Data Editor Platform
The Data Editor Platform facilitates the integration, enhancement and continuous updating of mapping data. AI agents augmented by a small number of highly skilled human data editors focusing on coding map features and updating our data layers.
We will dive deeper into our Data Ecosystem and how we leverage Krutrim’s AI advanced capabilities in Part 2 & 3 of this blog series.
Ola Maps Places Platform
The Ola Maps Places Platform is a sophisticated system designed to handle a wide array of location-based services. The platform integrates various data sources, processes this data through advanced models, and ensures users receive accurate, relevant, and personalized location information, enhancing their overall navigation and search experiences.
Data Ingestion and Anonymization
The process starts with data ingestion from various Data Pipelines. This raw data is funneled into the Places Ingestion component, where it undergoes initial processing. To protect user privacy, the data is anonymized, ensuring that no personally identifiable information is retained.
Indexing and Model Training
After anonymization, the data is fed into the Indexing Refresh Pipeline and processed to create Similarity Vectors. These vectors are essential for determining the relationships between different data points, improving the accuracy and relevance of search results. Simultaneously, the data is used for Model Training to develop advanced AI models focused on Relevancy and User Context. These models are crucial for enhancing the platform's ability to deliver precise and contextually appropriate search results.
Geo Sharded Services
The core of the platform is the Geo Sharded Services, which includes Places Services (manages detailed location information and Points of Interest), Indexing Services (utilizes Inverted Indexing and Vector Store to organize and store data efficiently, allowing for quick search and retrieval) and Localities Services (handles data related to specific localities, stored in the Polygon Store, which helps in defining and managing geographic boundaries).
User Context Ingestion
User interactions and contextual data are continuously ingested to refine the services further. This User Context Ingestion ensures that the platform can adapt to user behavior and preferences, delivering more personalized and relevant results.
User Service
User preferences are stored in the Preference Store, ensuring that the platform can deliver personalized experiences. Relevant content for users is managed and stored in the Content Store.
Autocomplete: The Autocomplete API dynamically enhances search functionality within various applications by identifying entities in user queries and suggesting relevant completions in real-time, significantly improving the user experience
Forward Geocoding: Geocoding API is a service that translates human-readable place names and addresses seamlessly into geographic coordinates, such as latitude and longitude.
Reverse Geocoding: Reverse Geocoding API is a robust tool crafted to effortlessly translate geographic coordinates into human-readable place names, spanning from precise street addresses to broader geographical areas
Nearby Search: Nearby Search API is a service that lets users find locations within a specified area.
Open Source usage in Places Platform
AI enablement of Places Platform
The Places platform leverages a host of custom-built advanced AI models to improve user experience.
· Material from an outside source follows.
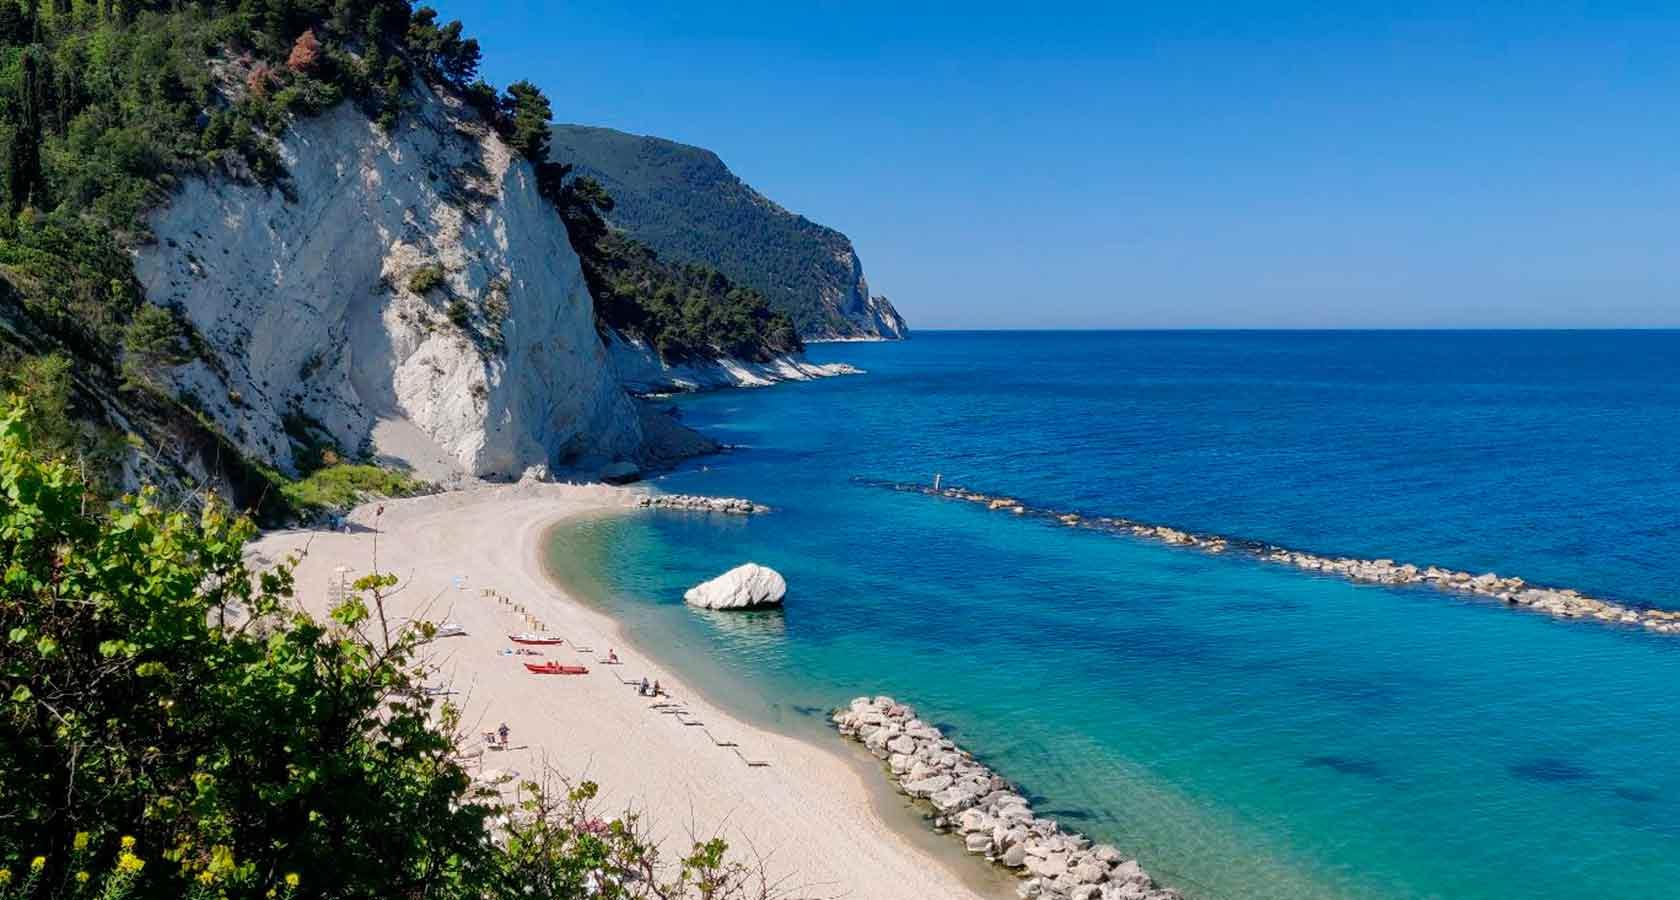 spiaggia-del-frate-conero-sirolo-numana-ancona

POI Popularity and Classification
This model ranks and classifies Points of Interest (POIs) based on various factors like user interactions, frequency of visits, and user feedback. The classification helps in providing more relevant search results and recommendations to users.
Search Relevancy Ranking
This model ensures that the most relevant POIs appear at the top of the search results by using state of the art mBERT (multilingual encoder) based Named Entity Recognition (NER), Learning to Rank (LTR) models and natural language processing (NLP) techniques. The model takes into account factors like query context, user preferences, and historical search data to rank the results effectively.
Contextual Search Identification
This model understands and processes context-based search queries to provide accurate results. This is done by syntactic and semantic search models like Bi-LSTM-CRF. It also leverages NLP and contextual analysis to comprehend the intent behind user searches. This model uses contextual cues and user behavior patterns to fine-tune search results.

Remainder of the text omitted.